The EBOV genome is a single-stranded, negative-sense, non-segmented RNA approximately 19 kb long. It codes for seven tandemly arranged viral genes which order is 3′ leader- NP (nucleoprotein) - VP35 (virion protein 35)-VP40- GP (glycoprotein)-VP30-VP24- L (RNA-dependent RNA polymerase)-trailer −5′. Transcription and translation of this viral genome result in the synthesis of seven structural proteins and a single non-structural, secreted glycoprotein (Feldmann et al. 1999). Three of the structural proteins are membrane-associated proteins; GP is a type I transmembrane protein, while VP24 and VP40 are placed on the inner surface of the membrane. The remaining four, NP, VP30 (transcription factor), VP35 (polymerase cofactor), and L (RNA-dependent RNA polymerase), are essential to viral genomic RNA to form the ribonucleoprotein complex. These proteins have been shown to be necessary and sufficient for EBOV transcription and replication (Crary et al. 2003, Feldmann et al. 2001, Mühlberger et al. 1998; 1999, Takada et al. 1997).

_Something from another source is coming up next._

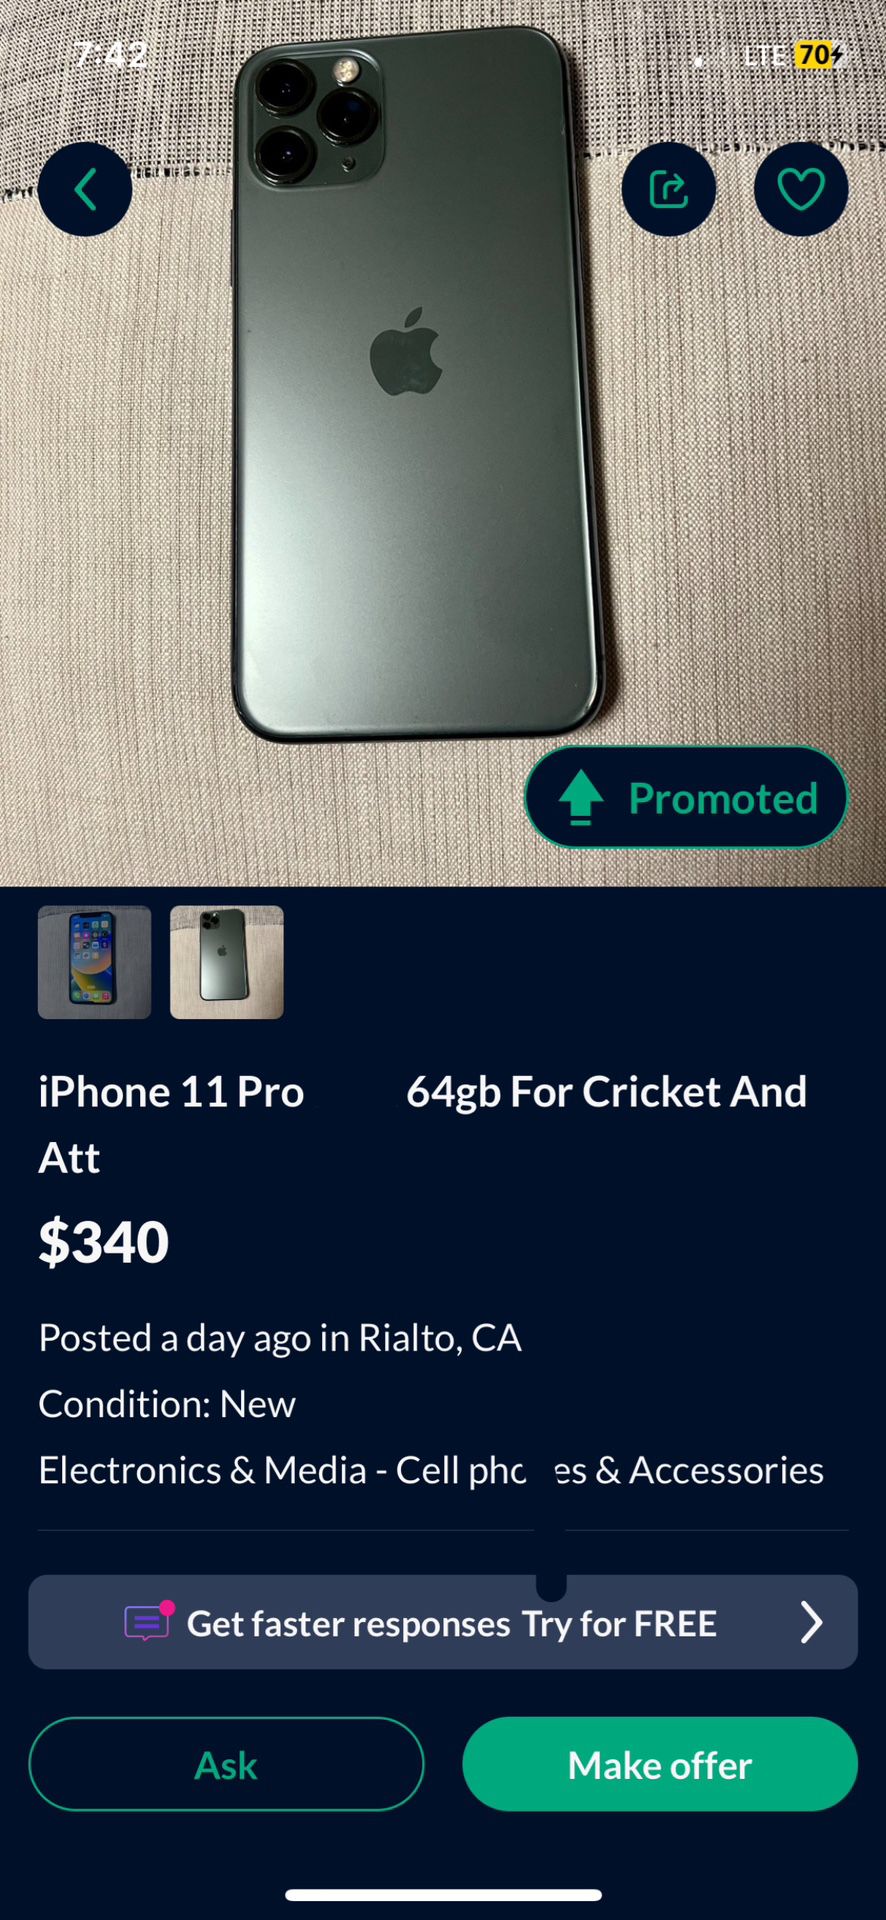 iPhone 11 Pro For Cricket And Att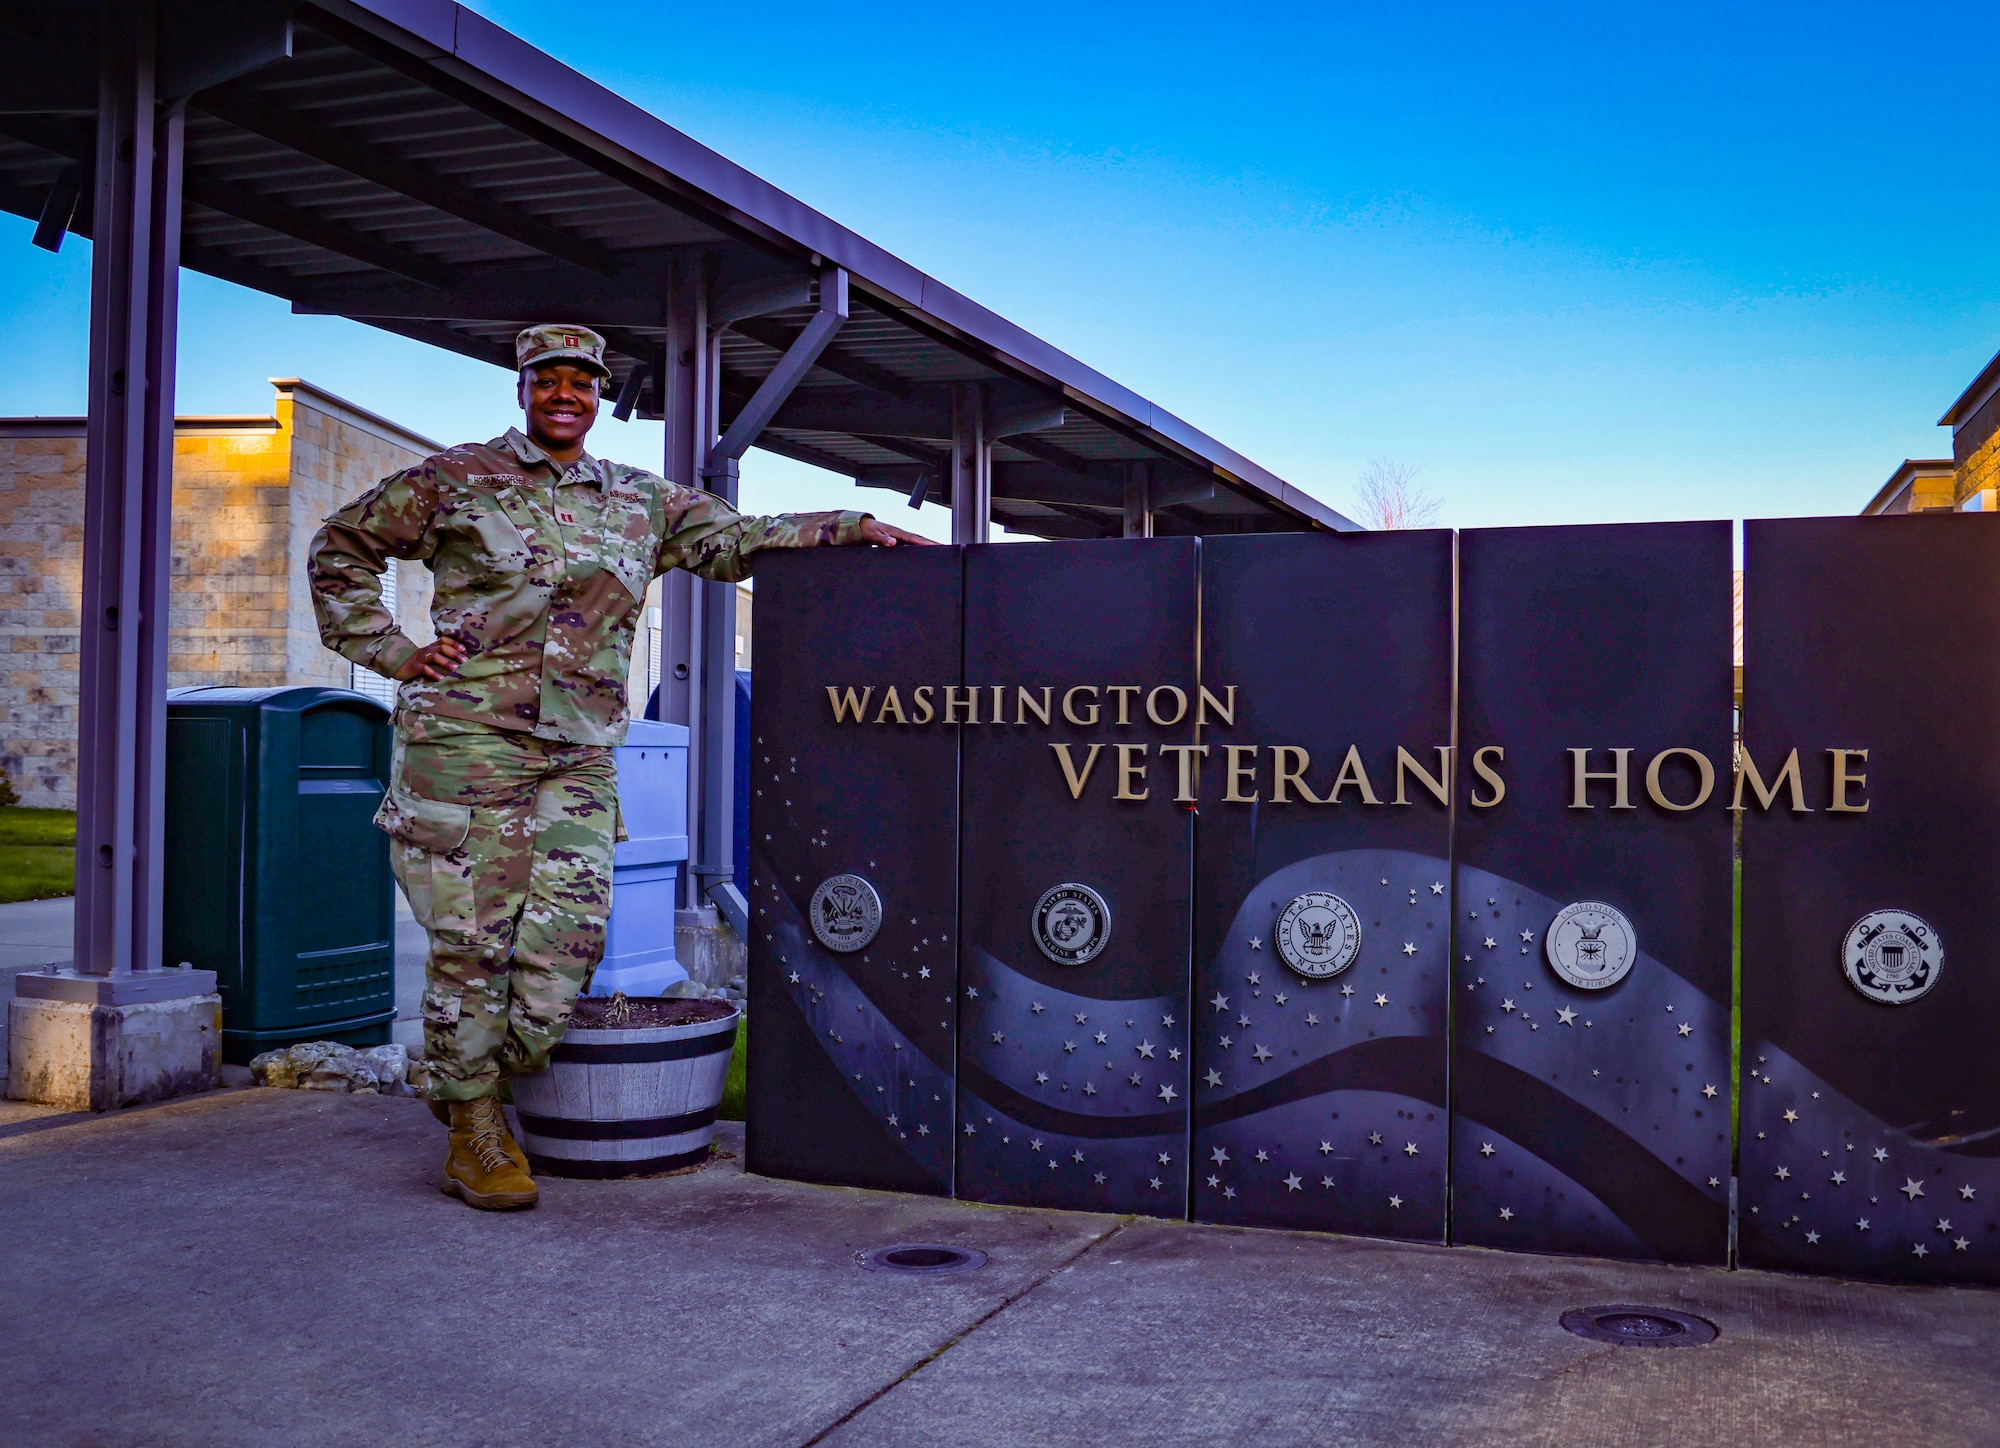 Air Force Capt. Geneva Hoskins-Dorsey, 194th Medical Group, Washington Air National Guard, poses for a photo at the Veterans Home in Port Orchard, Washington, March 9, 2022. Hoskins-Dorsey was the officer in charge of the Port Orchard facility as members of her team helped veterans' home employees by answering resident call lights and non-clinical requests and performing COVID screenings.

To date, information regarding the processing, structure and functions of Ebola virus (EBOV) protein L (EBOL) demonstrates that it is an RNA-dependent RNA polymerase, with the assistance of VP35. It also shows mRNA (guanine-N (7)-)-methyltransferase, mRNA guanylyltransferase and poly (A) synthetase activities which are essential for the replication and transcription of EBOV (Poch et al. 1990). The viral mRNA guanylyltransferase serves either as transcriptase or as replicase. The transcriptase synthesizes subgenomic RNAs, assures their capping and polyadenylation. The transcriptase stutters on a specific sequence, leads to a co-transcriptional editing of the glycoprotein (GP) mRNA. In replicase mode, the polymerase replicates the viral genome without recognizing the transcriptional signals. These reports suggest that EBOL is an important cellular component for the transcription and replication of the EBOV genome and, as such, plays a key role in the EBOV life cycle.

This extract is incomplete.